* _WORK REQUEST_
Please output the listing below character for character and omit the images.
Top of SOURCE DATA
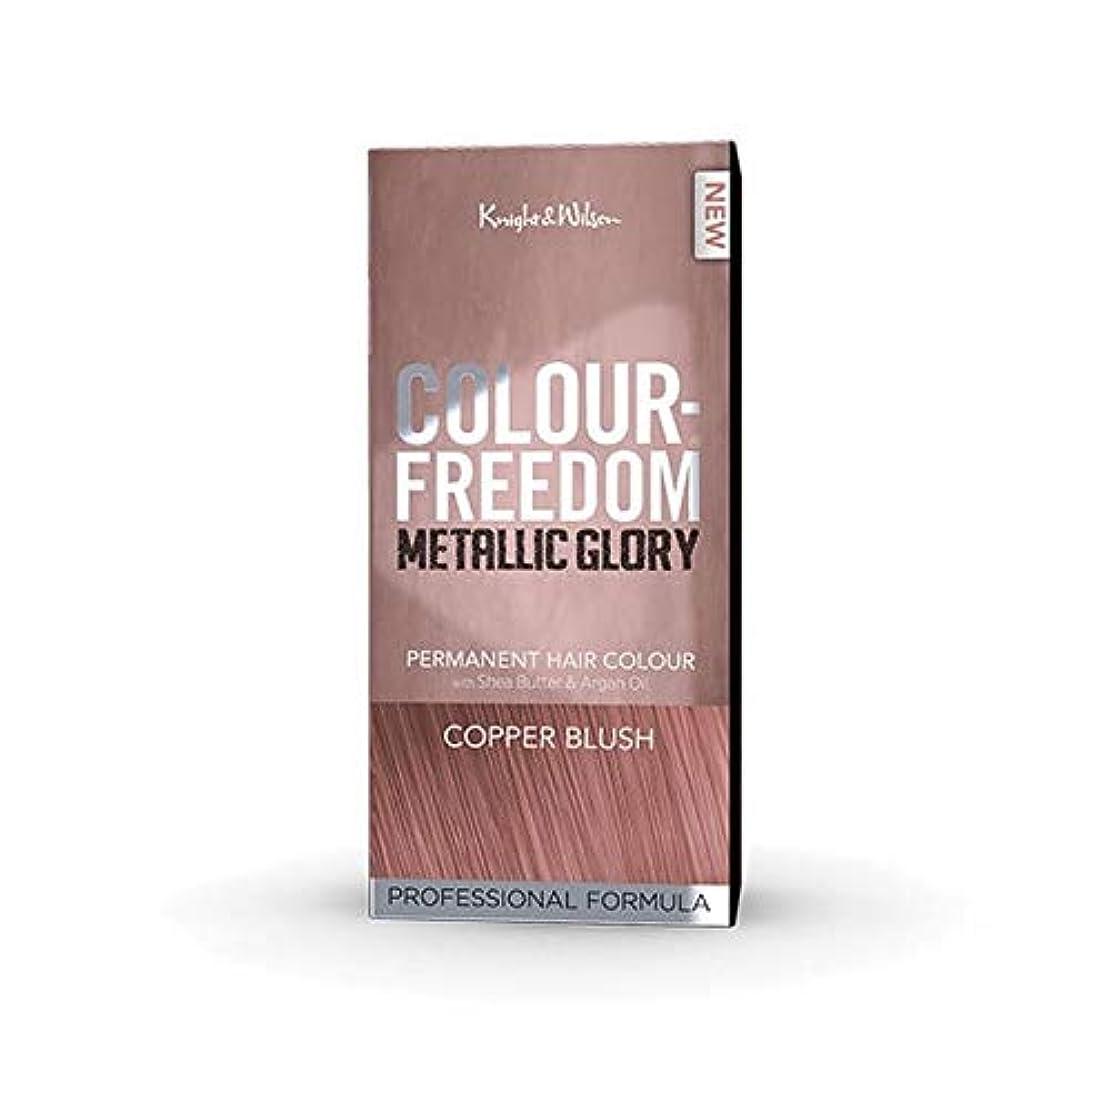 関与する司令官ペチコート[Colour Freedom ] 色自由金属栄光銅赤面 - Colour Freedom Metallic Glory Copper Blush [並行輸入品]
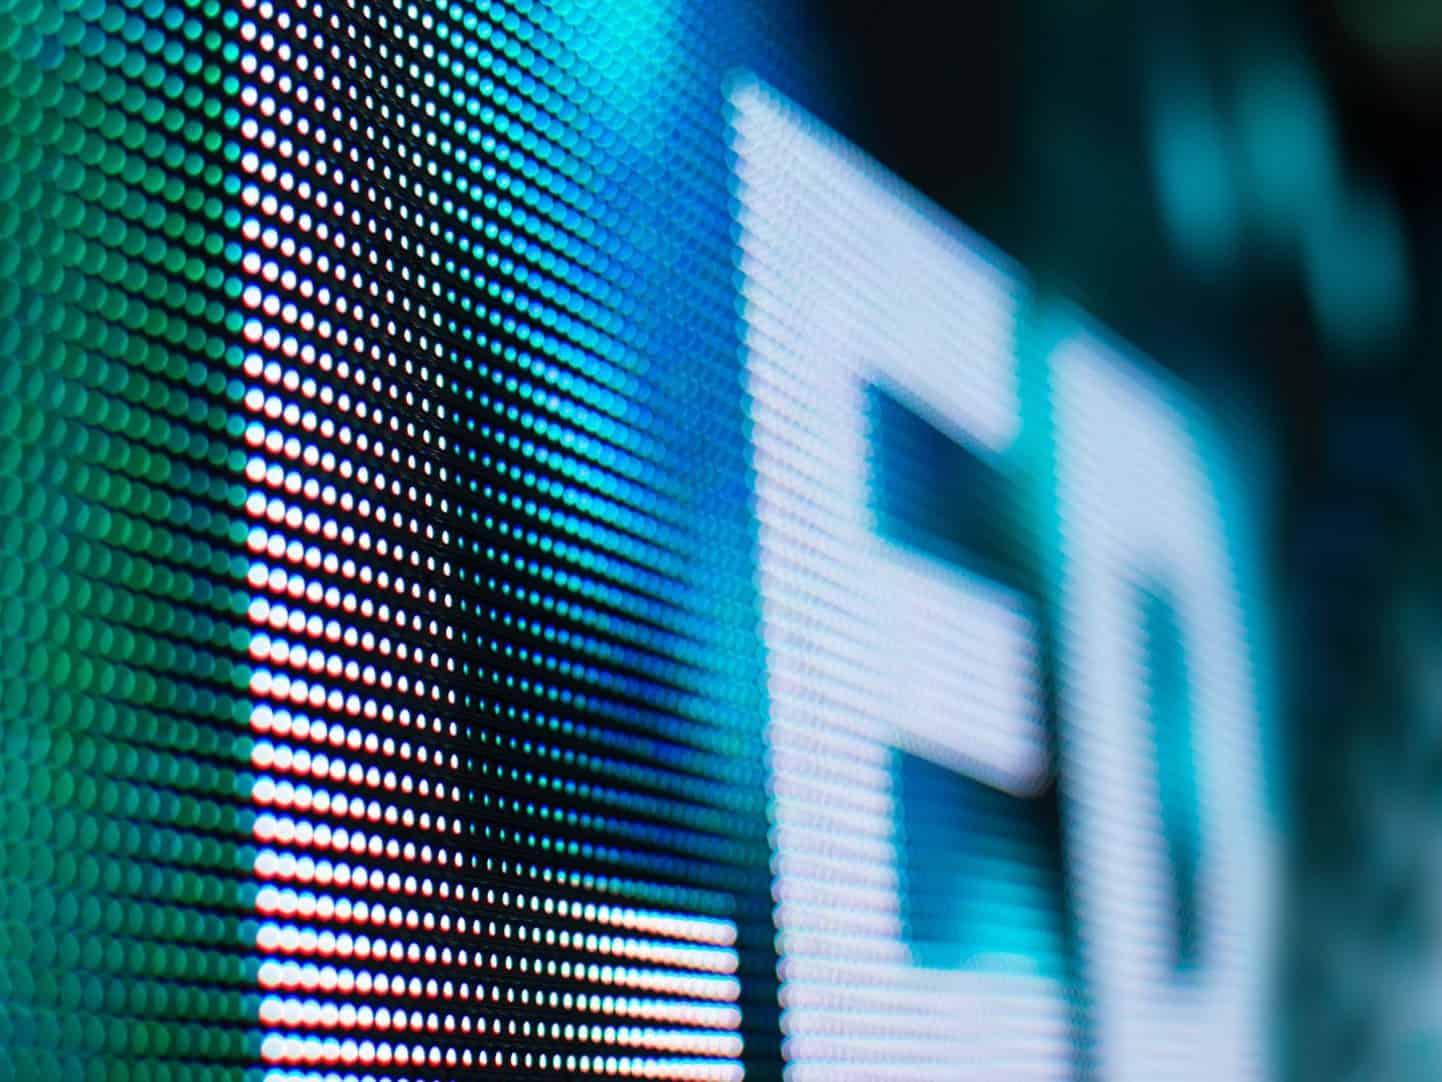 วิวัฒนาการและอนาคตของเทคโนโลยี LED VIDEO WALL jled
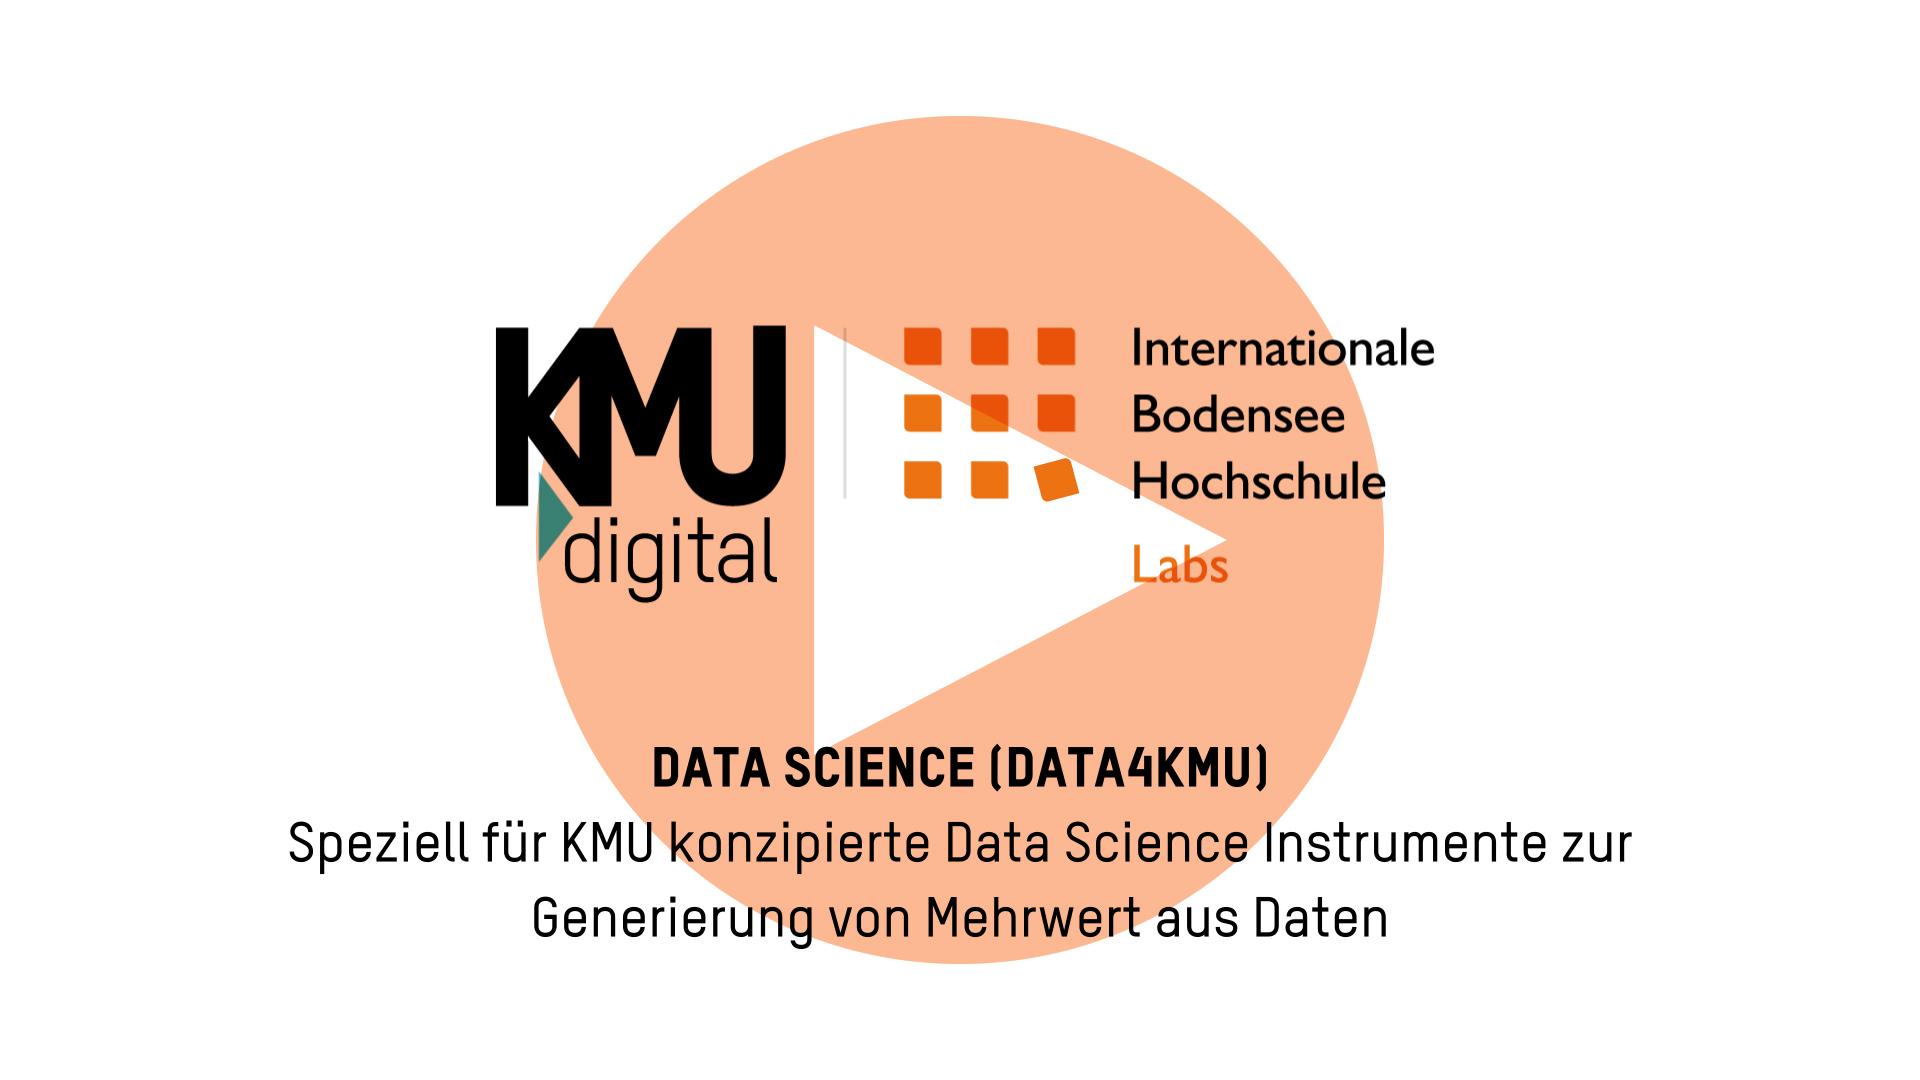 IBH-Lab KMUdigital Data4KMU
Bottom of SOURCE DATA
* _SOLUTION_
 関与する司令官ペチコート[Colour Freedom ] 色自由金属栄光銅赤面 - Colour Freedom Metallic Glory Copper Blush [並行輸入品]
 วิวัฒนาการและอนาคตของเทคโนโลยี LED VIDEO WALL jled
 IBH-Lab KMUdigital Data4KMU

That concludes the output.